Below is a listing. Return the lines from the one that contains "vintage retro rustikaler" to the one that contains "Image of Vichy", both ends included, verbatim and with no pictures.

* _Task data_
━━━━━━━━
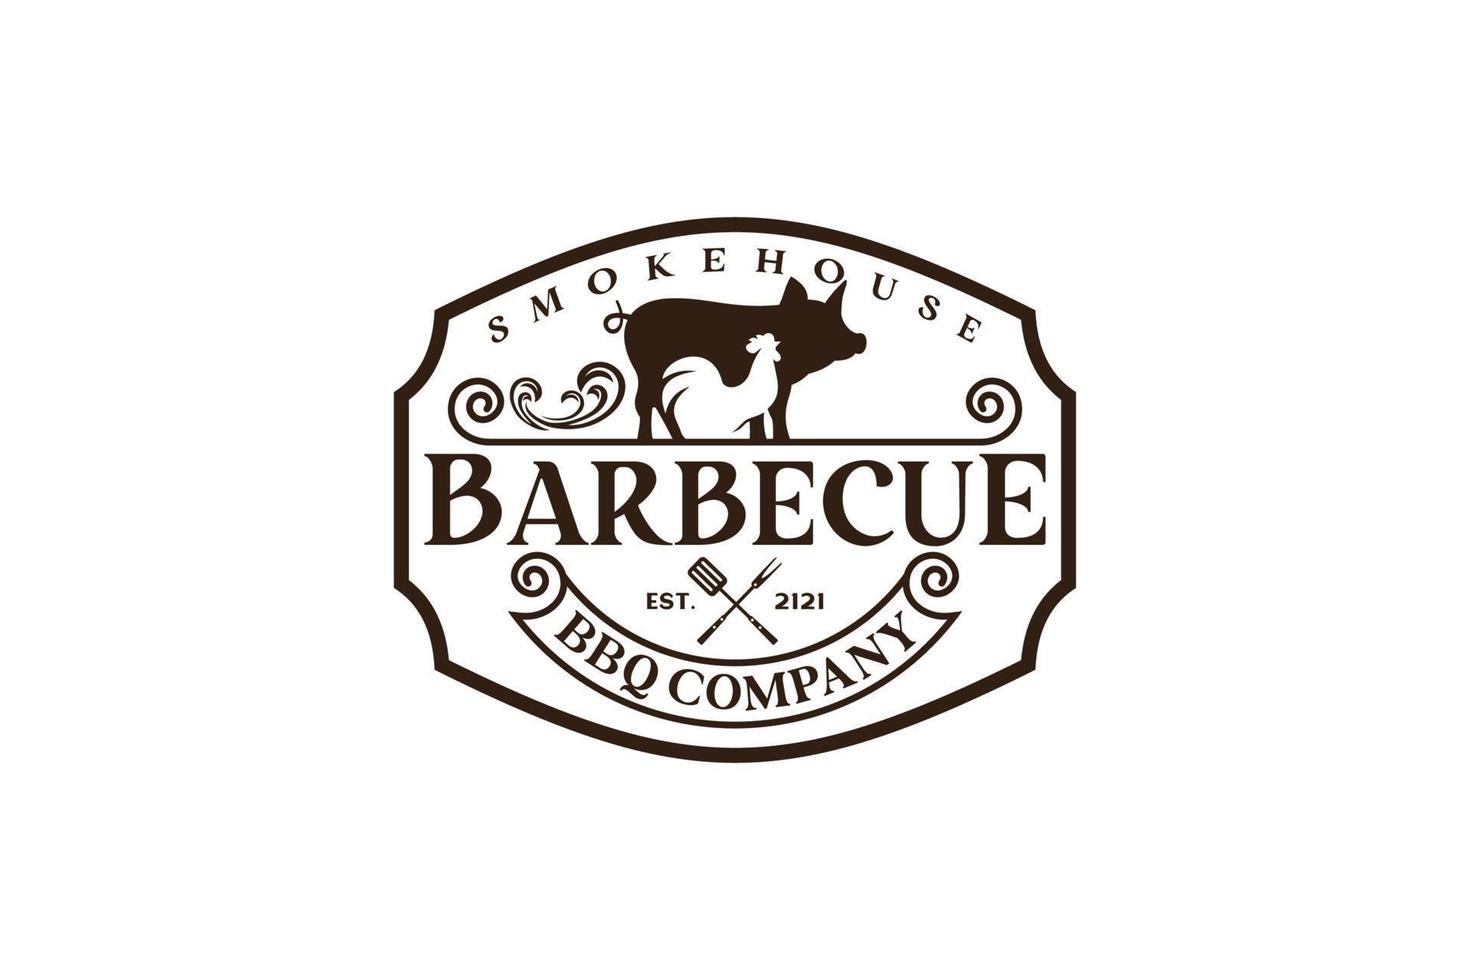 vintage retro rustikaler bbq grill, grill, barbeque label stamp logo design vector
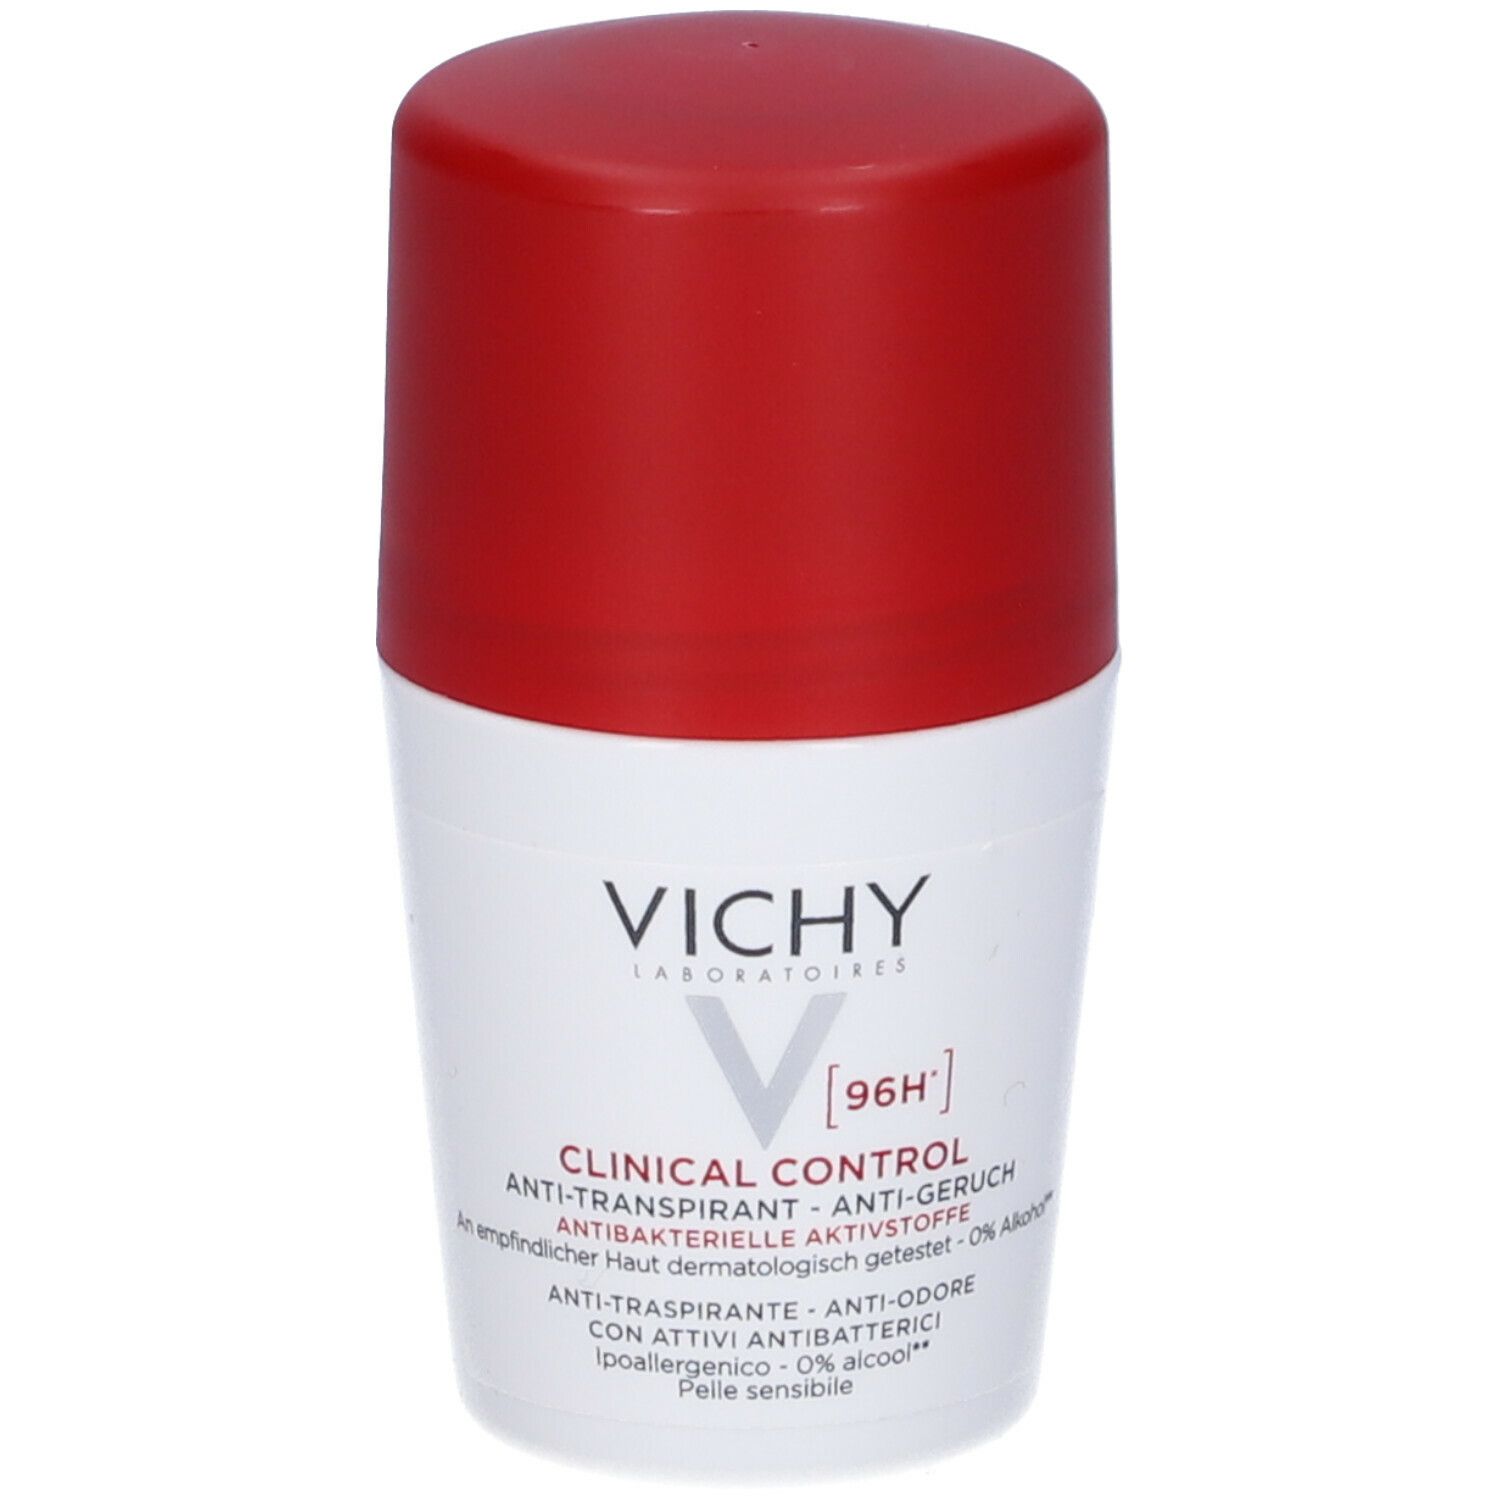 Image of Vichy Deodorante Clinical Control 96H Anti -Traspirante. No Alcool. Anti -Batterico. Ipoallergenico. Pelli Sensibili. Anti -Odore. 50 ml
━━━━━━━━
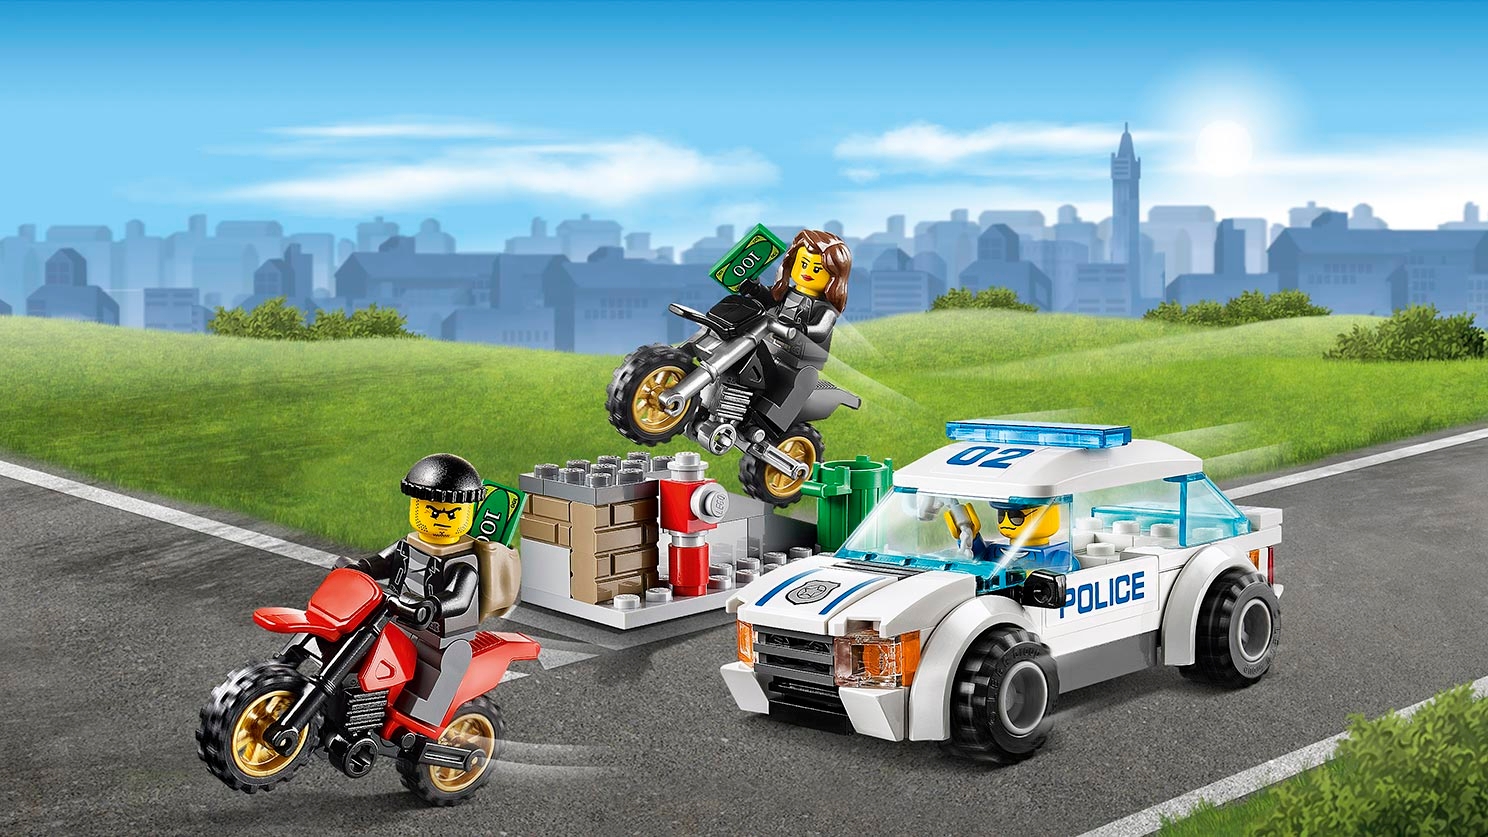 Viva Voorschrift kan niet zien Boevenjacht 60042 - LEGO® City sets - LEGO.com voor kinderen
━━━━━━━━
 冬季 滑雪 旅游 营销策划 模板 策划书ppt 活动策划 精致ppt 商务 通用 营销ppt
━━━━━━━━
* _Result of the exercise_
 vintage retro rustikaler bbq grill, grill, barbeque label stamp logo design vector
 Image of Vichy Deodorante Clinical Control 96H Anti -Traspirante. No Alcool. Anti -Batterico. Ipoallergenico. Pelli Sensibili. Anti -Odore. 50 ml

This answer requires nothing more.